Fortune writes, "Trouble with MEPPs is, if some employers go out of business, the remaining companies have to pick up the shortfall in funding benefits. When there are too few employers left standing, the fund is in trouble...A third of the 40 MEPPs to which Hostess contributes are among the most underfunded plans in the country."

With Hostess gone, all of the remaining companies contributing to the MEPPs serving Hostess employees will now have to pick up the slack left by Hostess. "
 
I don't either. More power to people who do well for themselves; however, I do agree with the other posters that say some go to far. As stated above, many corporations do get huge "local" tax breaks and incentives to hire workers as well as all sorts of other write offs. I do believe that employers who have a thriving business owe just a tad bit more to an employee than a "just a job." It's fine that we can say the Hostess workers were low-skilled, low income folks or that folks in these types of jobs don't deserve much. That's also a bit of a misconception. Working in a plant, food line, assembly line, almost always takes some sort of skills/smarts to run the equipment, troubleshoot the equipment, and just be safe on the equipment.

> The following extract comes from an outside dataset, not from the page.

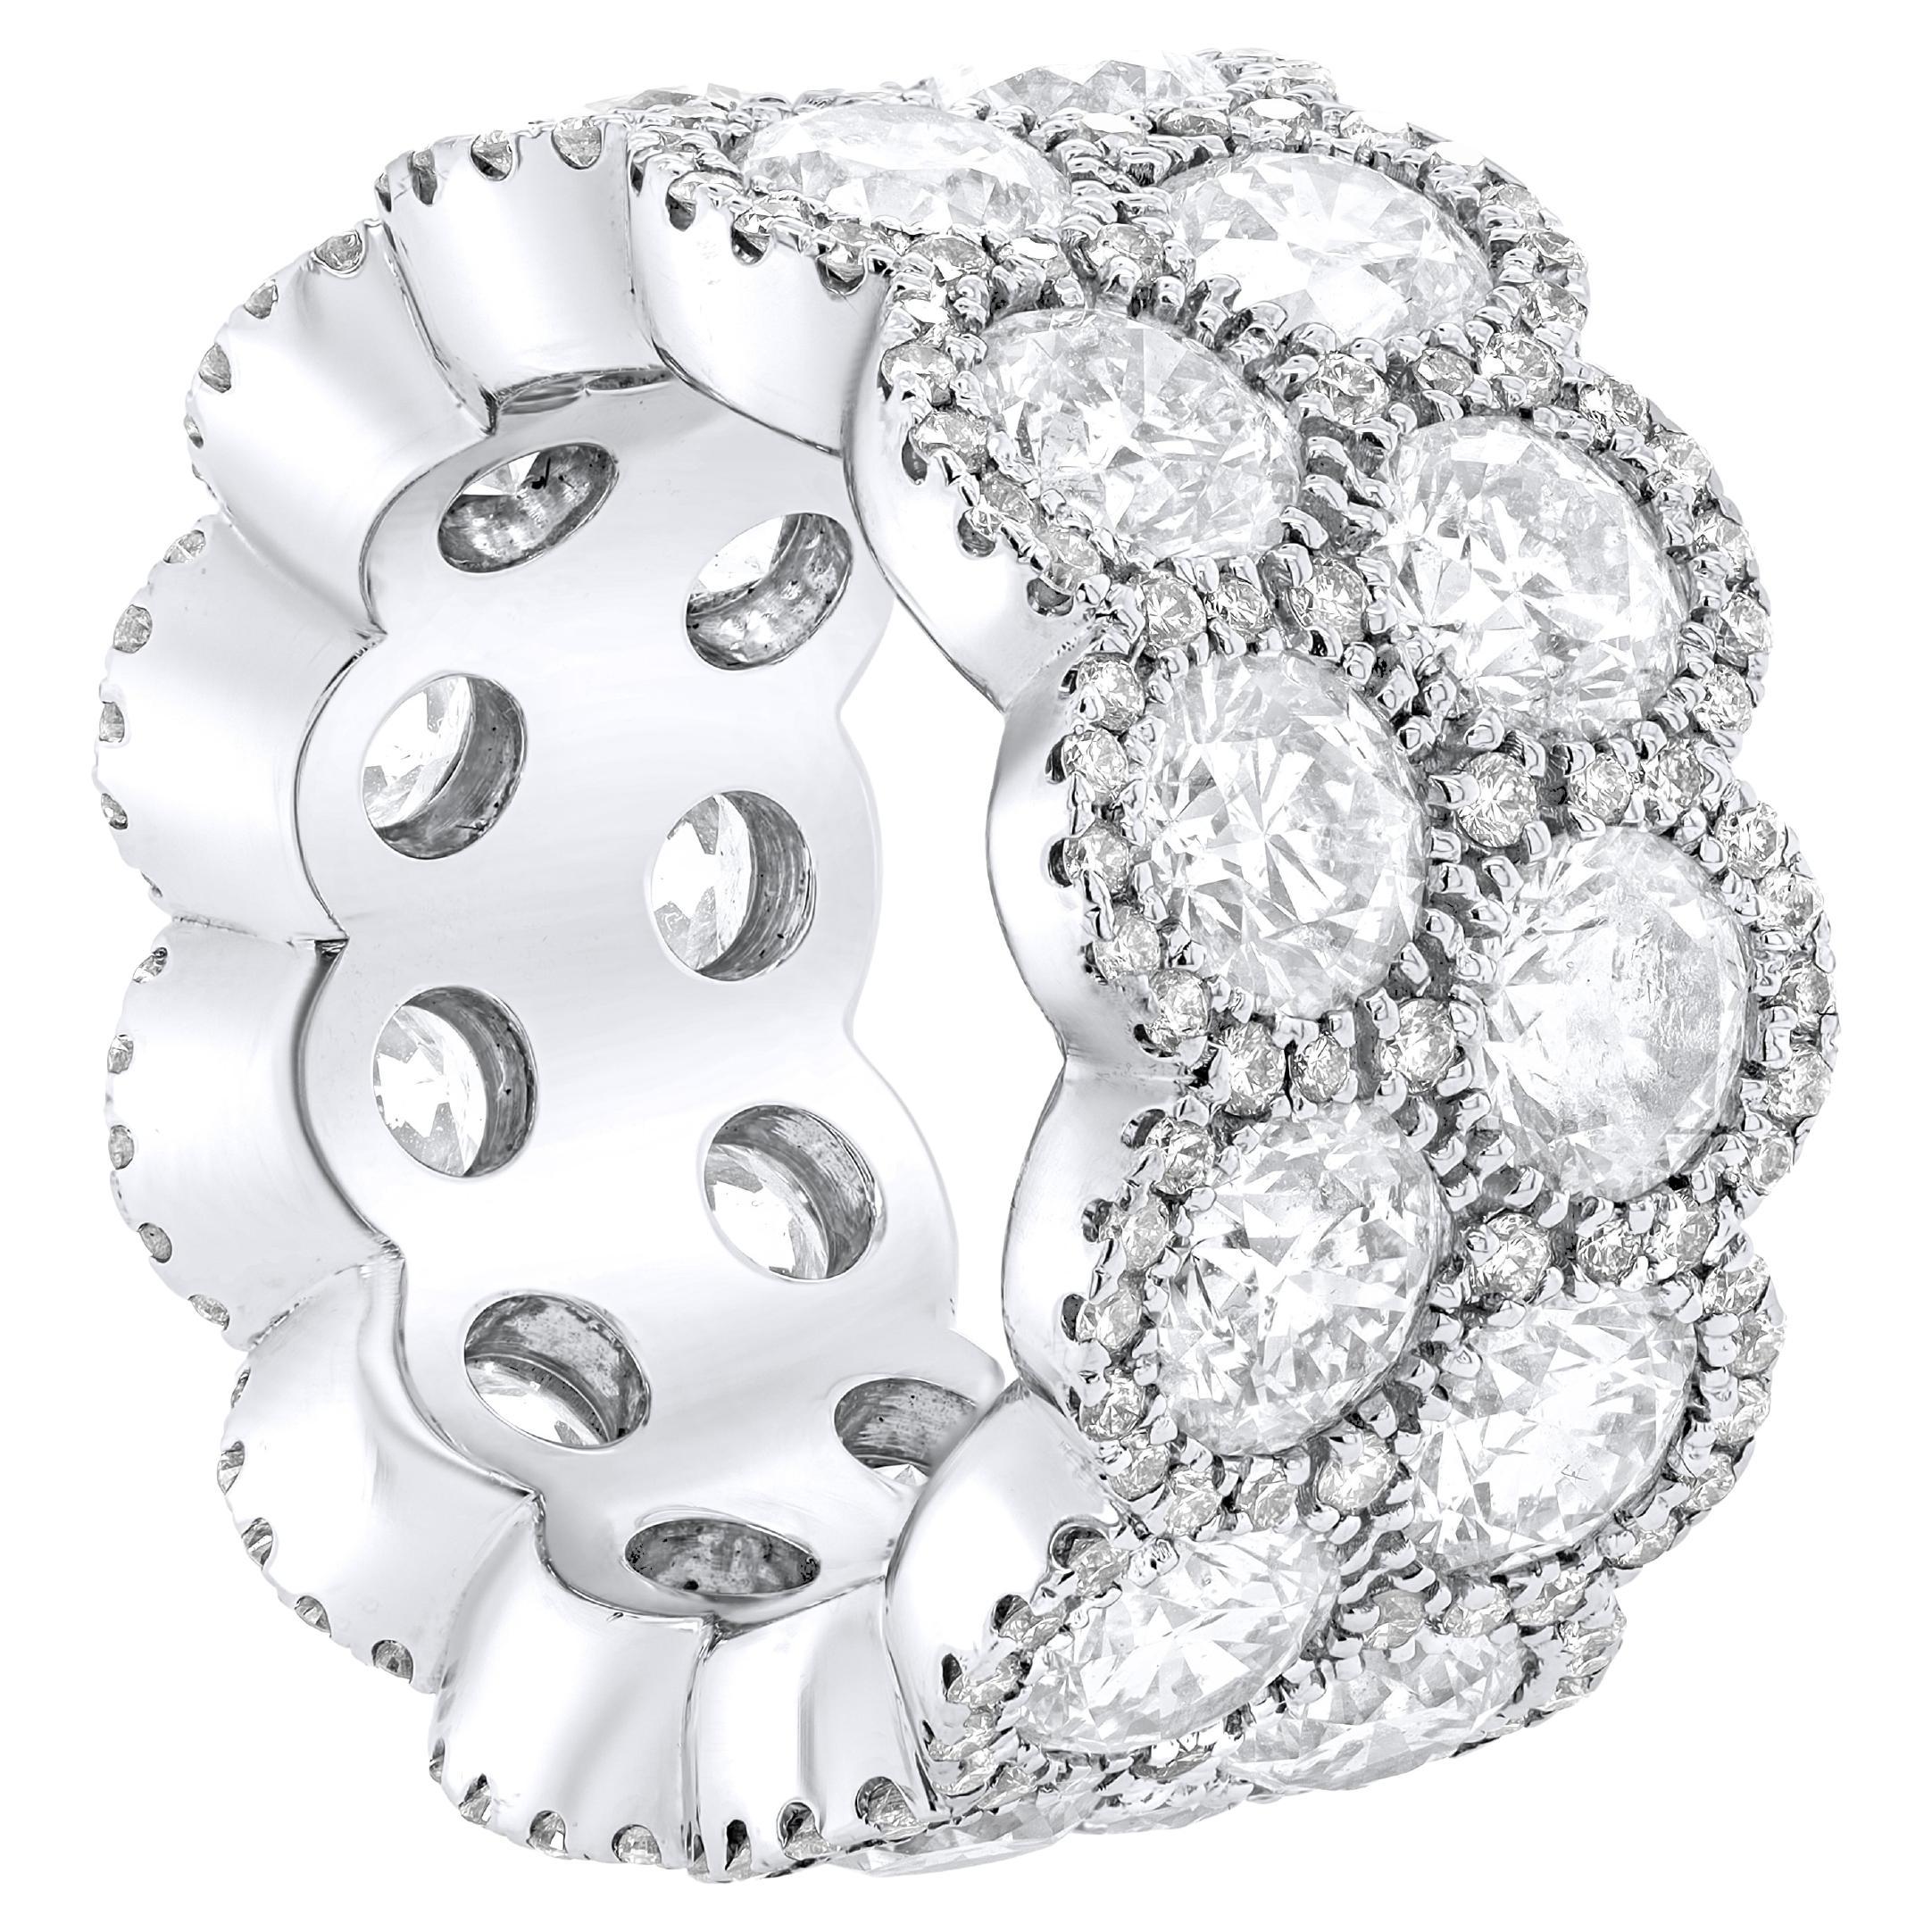 Diana M. platinum eternity band with halo setting features 12.06 ct of 24 round For Sale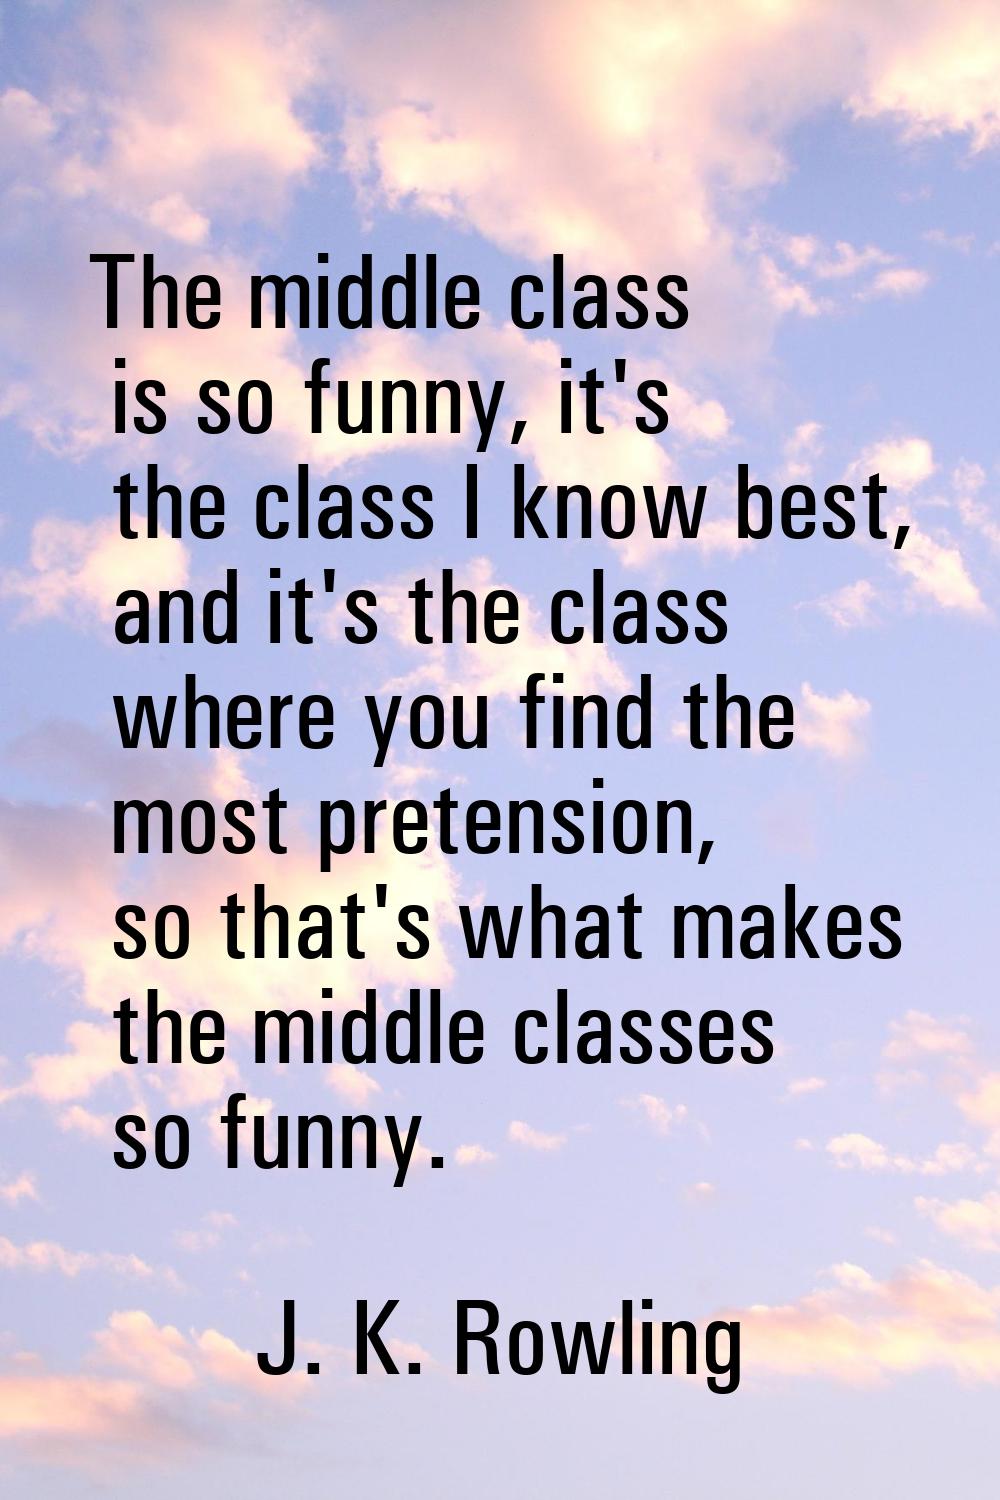 The middle class is so funny, it's the class I know best, and it's the class where you find the mos

Corporations have been "lucky" in this economy that people are far more desparate and are willing to work jobs that don't pay for their skill sets. I think the economic downturn, coupled with the lack of worker protections, have made employees easy prey for greedy corporations. I think you can be rich AND have a conscience.

Just to be clear, I don't know that anyone is specifically suggesting the bakers' union members were low skill or overpaid. Frankly, I don't know anything about those specific jobs or what the pay was.
 
And go where, exactly? :confused3

Not just talking to you, luvmy3 but I see this so many times in these types of threads. "If you don't like the working conditions, find another job". There are no other jobs.

There may not be other jobs 5 minutes from your house, next to mom, in your hometown, in your state or on your coast but there are other jobs.
 
No, I'd say it's half full because I believe people can be good and do the right thing. You, on the hand, seem to think it's natural for people to be devious and uncaring. So I'd say you're the one who is a little pessimistic.